After I was rescued, a 17-year-old boy at the house we stayed that night at spoke pretty good English, and he shared that his schoolteacher was with the Peace Corps and her name was Sharon. As we sat in the tea house, I looked out and saw someone who had to be an American. I called to her, and she stopped to talk. I love it when the Universe provides what you need right when you need it.  As I told her how I knew her name and we talked further, it turned out that she knew about the Tata truck and could get us a ride on it. She was sweet, from New York and so helpful. It was fun talking to someone from “back home” and we both felt the connection. 

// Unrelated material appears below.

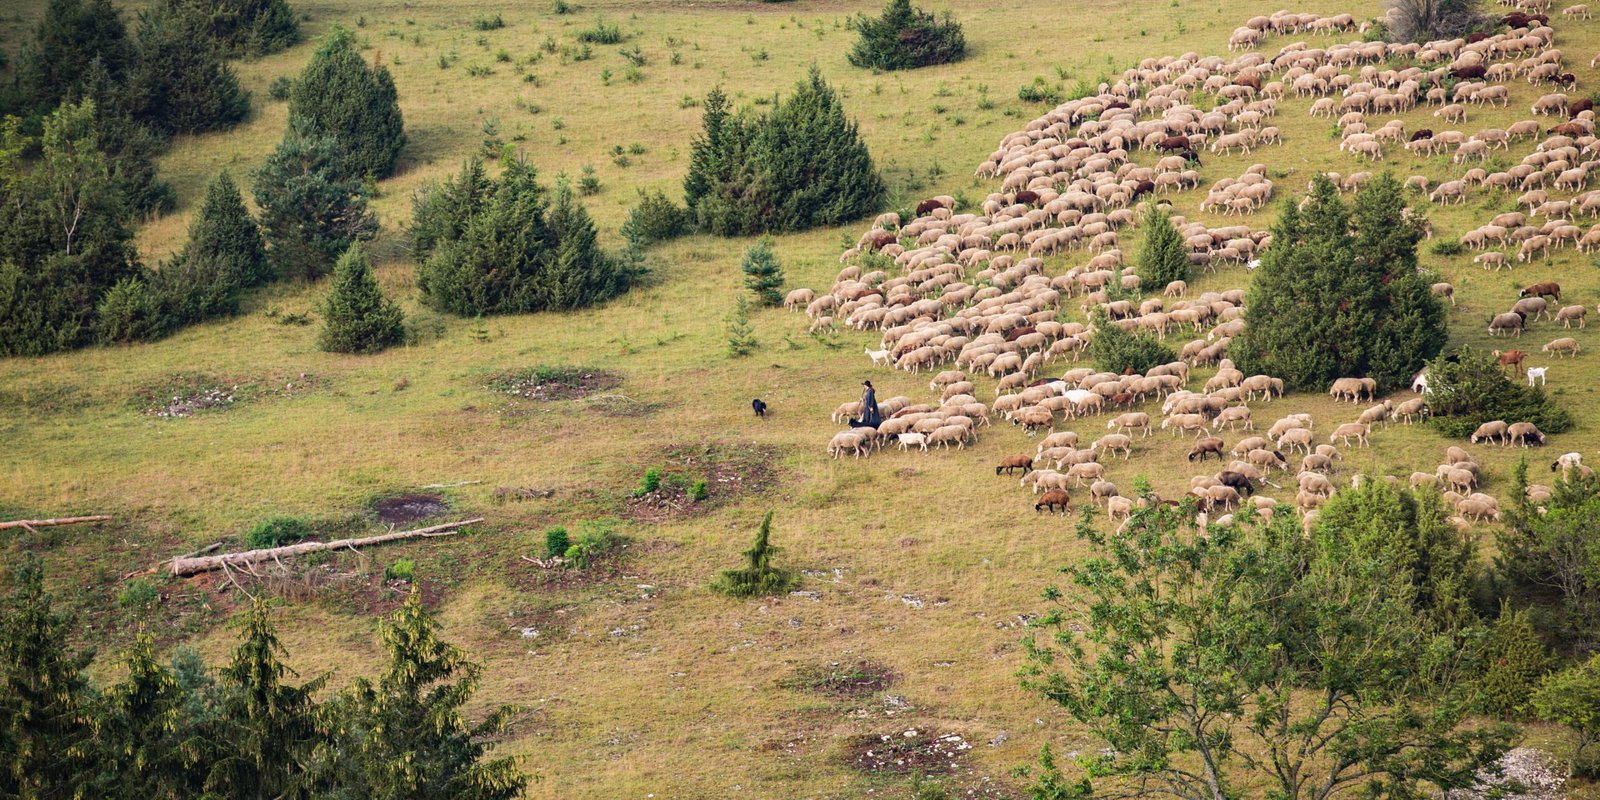 Schafe auf der Heide

The next morning, we were outside to catch the truck and say our goodbyes to Sharon.   As soon as the truck drove up it reminded me of a movie starring Roy Scheider from 1977 called “Sorcerer”. It was the exact truck from the movie, big, ugly and with a huge, oversized grille.   It was the same size and configuration as a deuce and ½ Army trucks I drove in the service.


The ride to Cavalli was anything but comfortable. We traveled down a dry riverbed with boulders the size of old Volkswagen's.  In the back, we were tossed to and frow and had nothing to hang on with. I was all beat up after arriving in Cavalli several hours later.


You read that right, it took us only several hours while my experience of being lost took me four days to get to Taplejung. I could have trekked up the riverbed, but the directions I got from the storekeeper in Cavalli told be to follow the footpath and I’d arrive by the end of the day. As it turned out, I had been circling Taplejung all that time. I wouldn’t change what happened to me and the time spent wandering lost. I met wonderful people, made memories for a lifetime and was no worse for wear when it was over. My stitches and blisters had healed, and I could walk normally again.


I had learned to be tenacious and resilient with imagination and purpose. All in all, it set the stage for the next phase of my life and I’m ever so grateful for that.


Remember to take a TRIP for a lifetime, not a trip of a lifetime.